I think the jury’s decidedly still out on whether number (3) has happened yet, but then again, if the Minneapolis Institute of Arts (MIA) waited any longer to hold a Michael Graves exhibition in its Michael Graves-designed Target Wing, it would need a new excuse for doing so to replace its current one:  the 10th anniversary of the Michael Graves Design line at Target (yes, Minneapolis-headquartered Target is the exhibition’s sponsor).

From Towers to Teakettles:  Michael Graves Architecture & Design runs from this past Saturday through January 3, 2010 and (as might be expected) focuses on Graves’ extensive work designing household products, beginning with his iconic 1984 teakettle.  Graves’ extensive architecture portfolio is incidentally (and begrudgingly) profiled, thereby justifying the exhibition’s alliterative title.

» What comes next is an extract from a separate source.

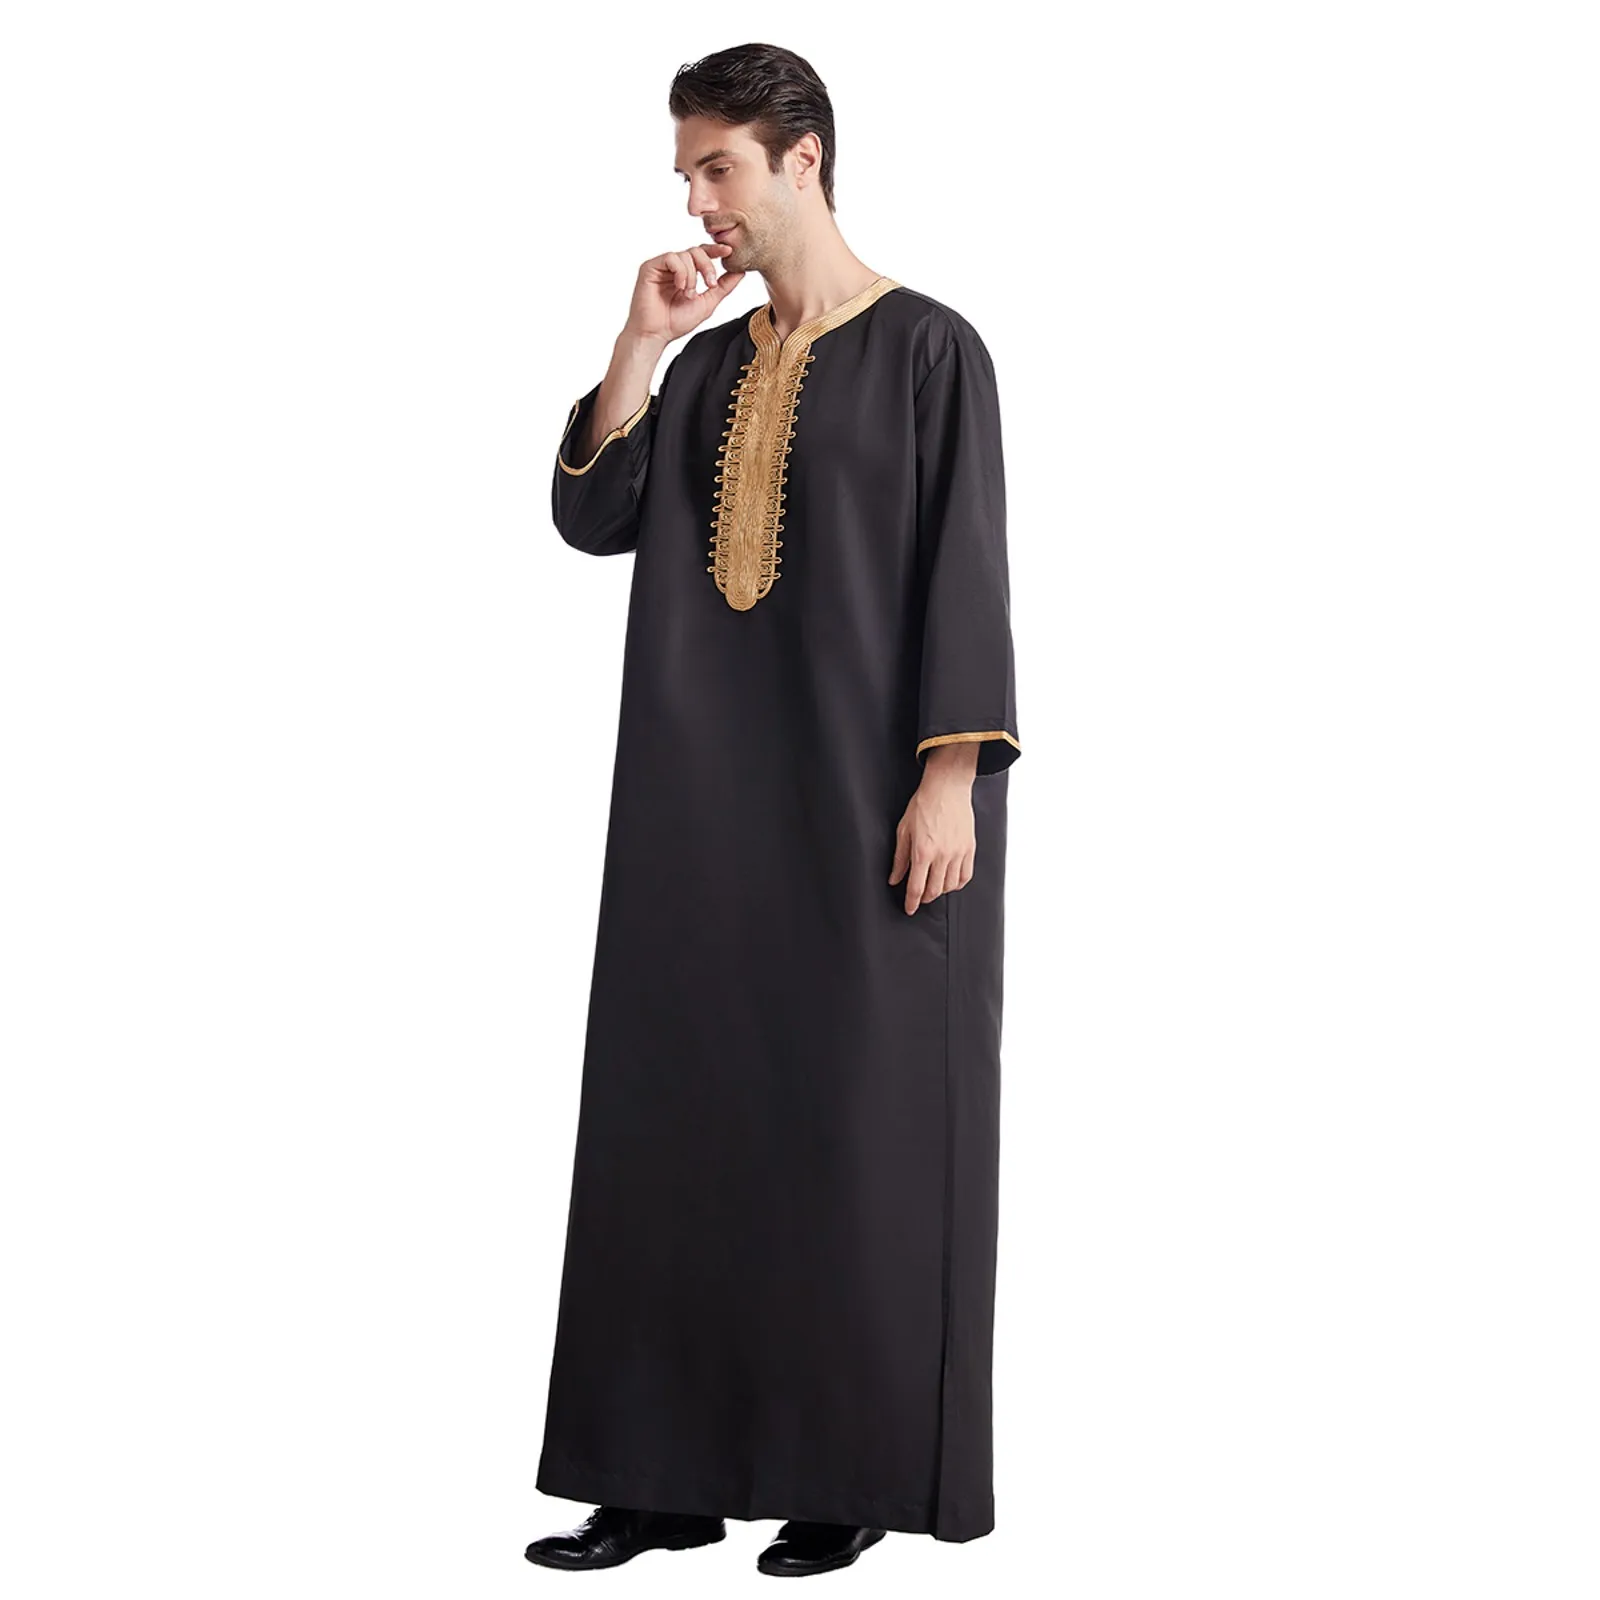 

Man Abaya Muslim Dress Pakistan Islam Clothing Abayas Robe Saudi Arabia Kleding Mannen Kaftan Oman Qamis Musulman De Mode Homme

Despite the shameless institution-corporate romance going on here, I really think the exhibition is interesting; I’ve always thought that Graves’ particular approach to post-Modernism (classical allusions rendered with subtle humor and sculpted from sumptuous materials) was in fact better-suited to product design.  Why?  Perhaps because as an architectural style, Graves’ works tend not to age gracefully (a common affliction of post-Modernist architecture).

However the exact same motifs rendered in household products do quite well for a couple reasons:  As a general matter for one, people seem to appreciate Graves’ use of historical motifs rendered with a modern twist in household products because they tend to associate such references with refinement and culture.

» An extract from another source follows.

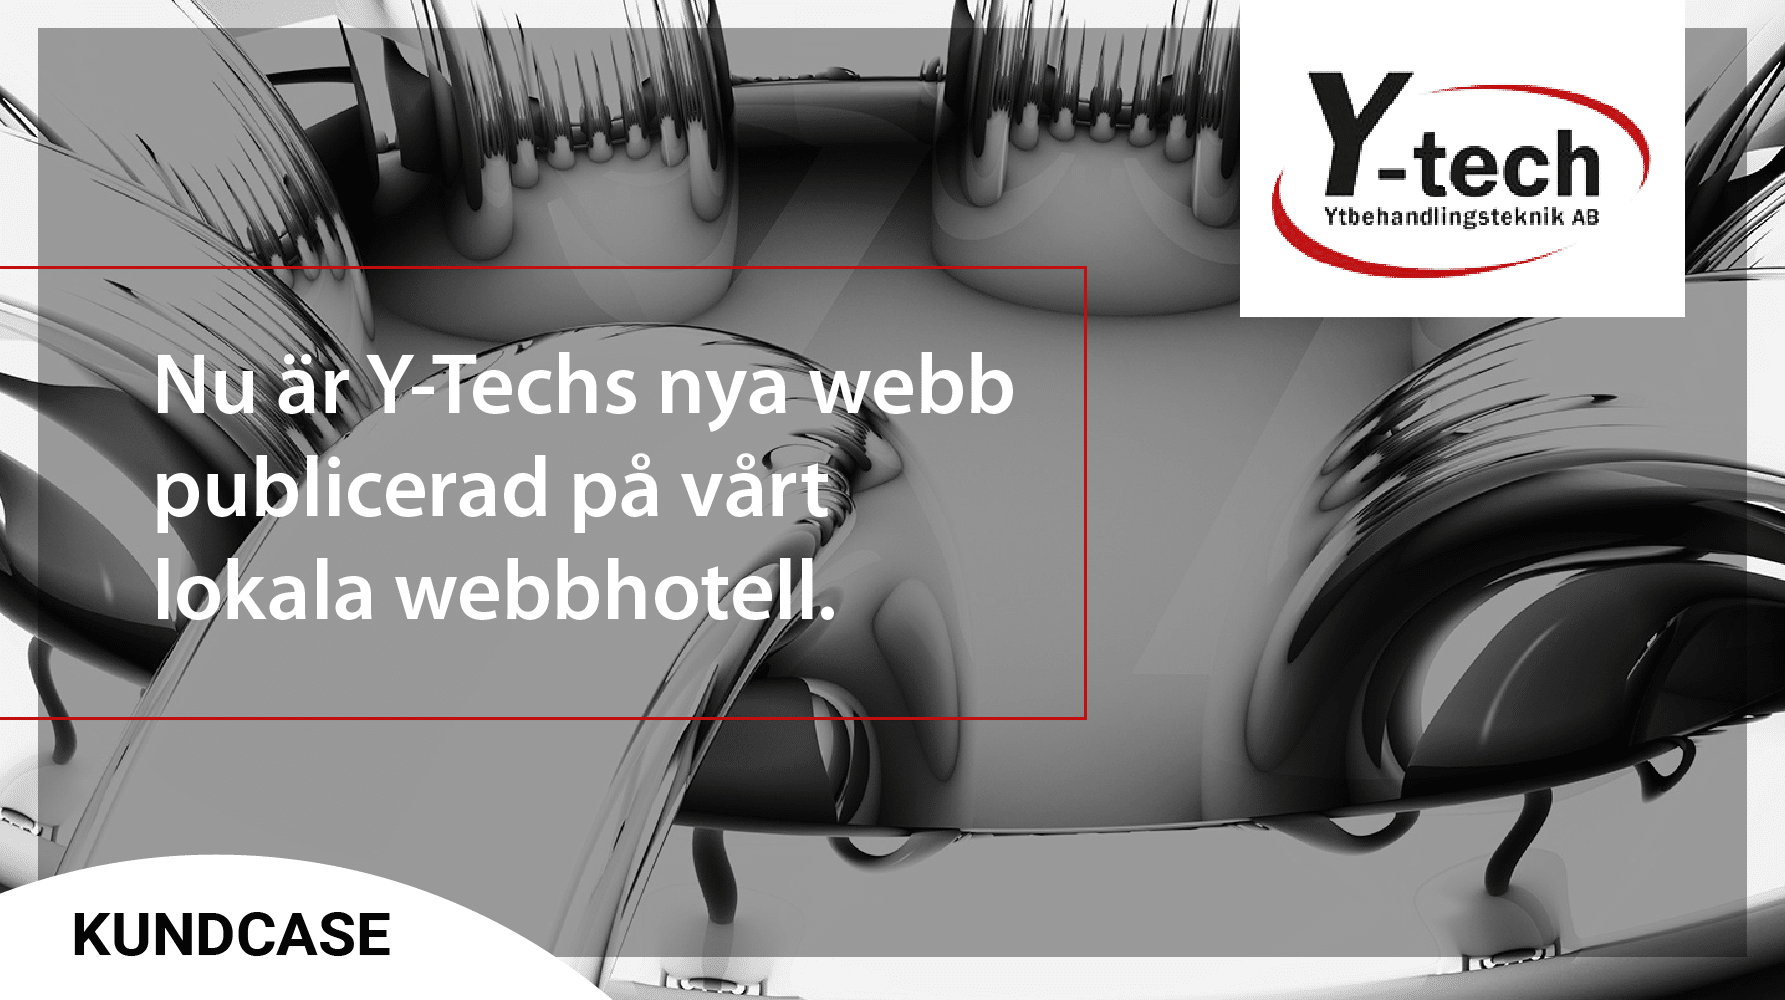 Ytech webb3

At the same time, people take less issue with the risk of such translations being fadish or prone to “dated-ness” (perhaps) because most don’t expect to keep kitchenware for 50 years (philosophical judgments are less common in household design than in architecture, too).  People may even like a tendency of going out of fashion in their household products - by the time fashions and fads end, that pot, pan, cup, or fondue set may be downright lovable because of the sentiments and memories it arouses.

Related Posts:  Neat Online Exhibition on Christopher Wren - he’s more like you than you thought & Updates: Architecture exhibitions in San Diego & Chicago

Image courtesy of stefernie

One Comment

  1. [...] doubling exhibition space, opening a cafe, and adding a collaborative studio wing underwritten by a ubiquitous corporate sponsor, the expansion will finally rectify the Weisman’s lack of harmony with the heart of [...]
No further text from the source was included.